Says Chamberlain, “Haydn’s one of those great composers whose music I think we don’t know nearly well enough. Every time I encounter it I’m just amazed at how effortless it was for him to write endlessly beguiling, charming, brilliant music.”
To complement the Haydn sonata, Bavouzet chose Ravel’s nod to the composer with the Menuet sur le nom de Haydn, which will then be followed by three other works by the fellow Frenchman: Jeux d’eau, Sonatine, and Miroirs. “I do think he brings a sensibility and flair and real color to Ravel’s music,” says Chamberlain.
Many of Ravel’s better-known orchestral works were originally written as piano pieces that the composer then embellished, so “at his heart, Ravel was really a piano composer and wrote these wonderful works that show off how the piano can act like an orchestra,” Chamberlain explains.
The wealth of sparkling piano repertoire continues later in the week with duo Misha and Cipa Dichter performing a recital of Debussy, Liszt, and two-piano arrangements of Infante and a suite from Gershwin’s Porgy and Bess.

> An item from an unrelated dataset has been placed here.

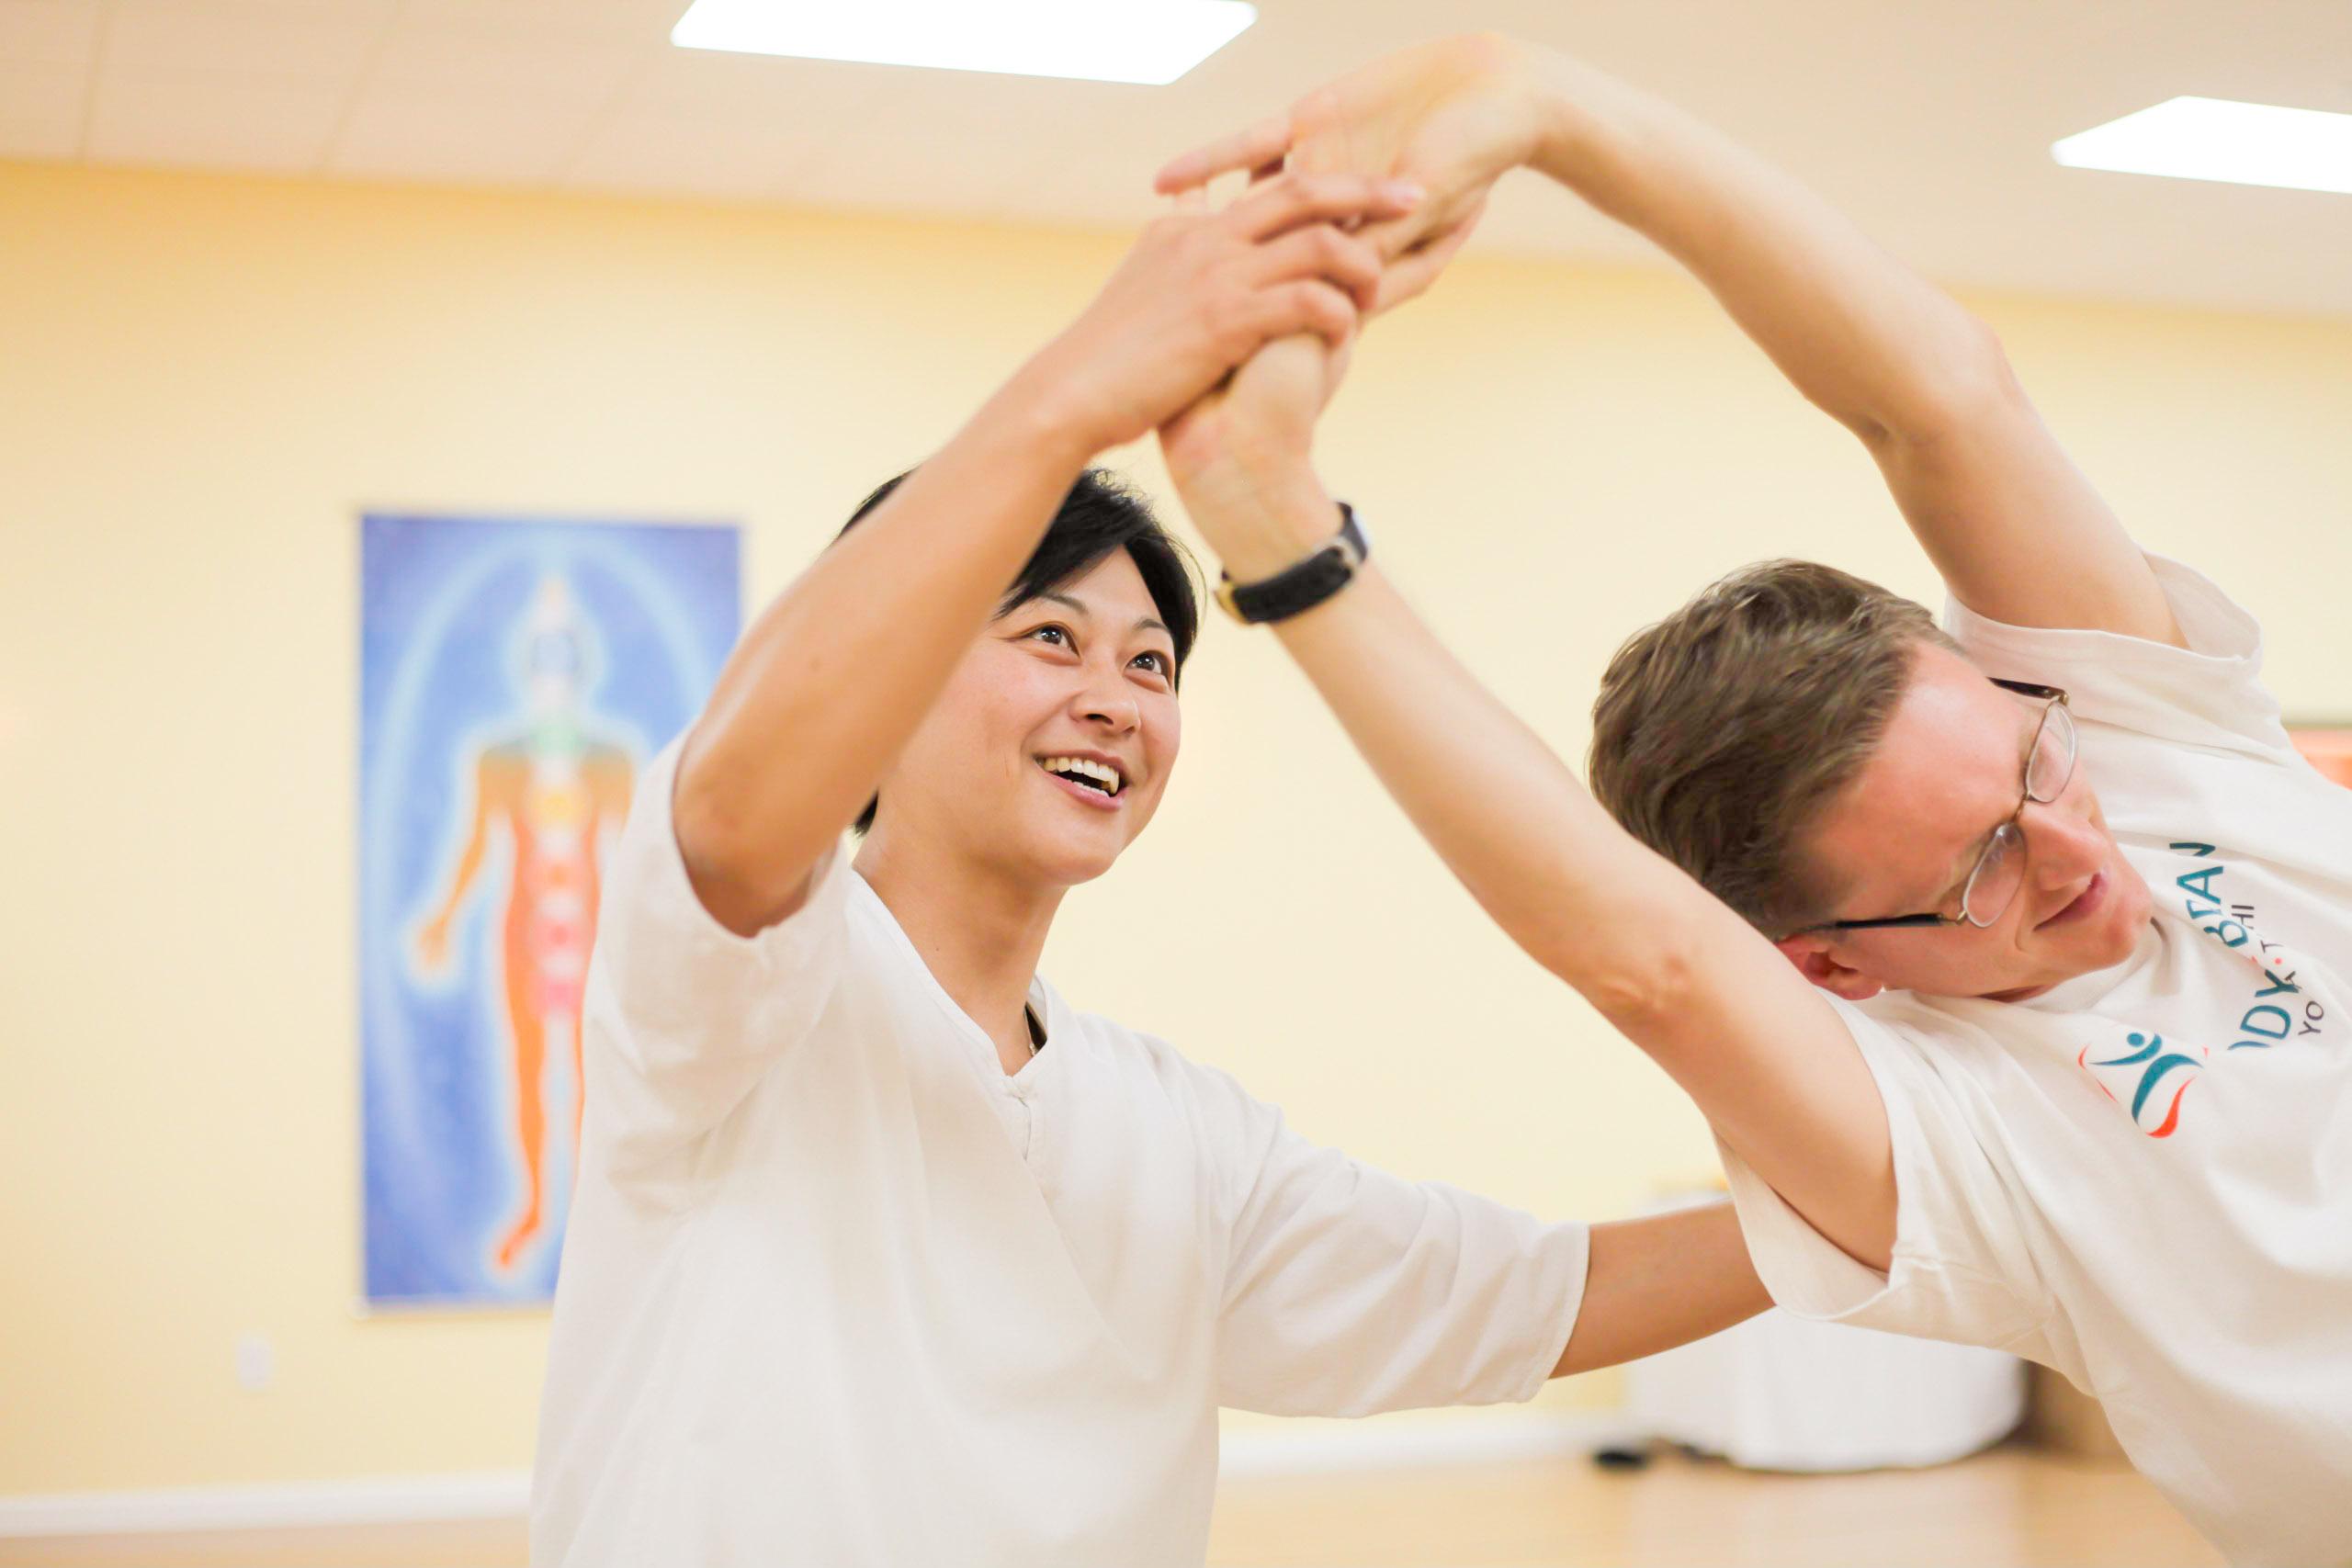 Personal Health Coaching Energy Healing

Through this varied program, Misha Dichter hopes “that our audience will hear the widest possible range of the piano, going from the transparency of Debussy’s Suite Bergamasque for one instrument to the orchestral explosions in the works for the two pianos.”

Well-known and beloved by Aspen audiences, the Dichters first began coming to the Festival in the summer of 1974. “We have vivid memories of our now-adult sons spending whole summers here with us in a place that we found as welcoming as any place on earth,” says Misha.
The AMFS is deeply woven into the fabric of the Dichter family with many fond memories of their visits but one that stands out, recalls Misha, is a particular Sunday Festival Orchestra performance, “probably around 1976, and our now50-year-old son was sleeping on my lap while Lee Luvisi was playing a beautiful Beethoven Emperor Concerto. As the slow movement began, our son began to snore, first very faintly, then becoming louder. By the middle of the movement I had the choice of letting him snore away or risk waking him. I chose the latter, and I was soon running up the aisle carrying a wailing young man!”
Says Chamberlain, “I think the beauty of Aspen is the chance to encounter these great artists over so many years, and the Dichters are part of that.”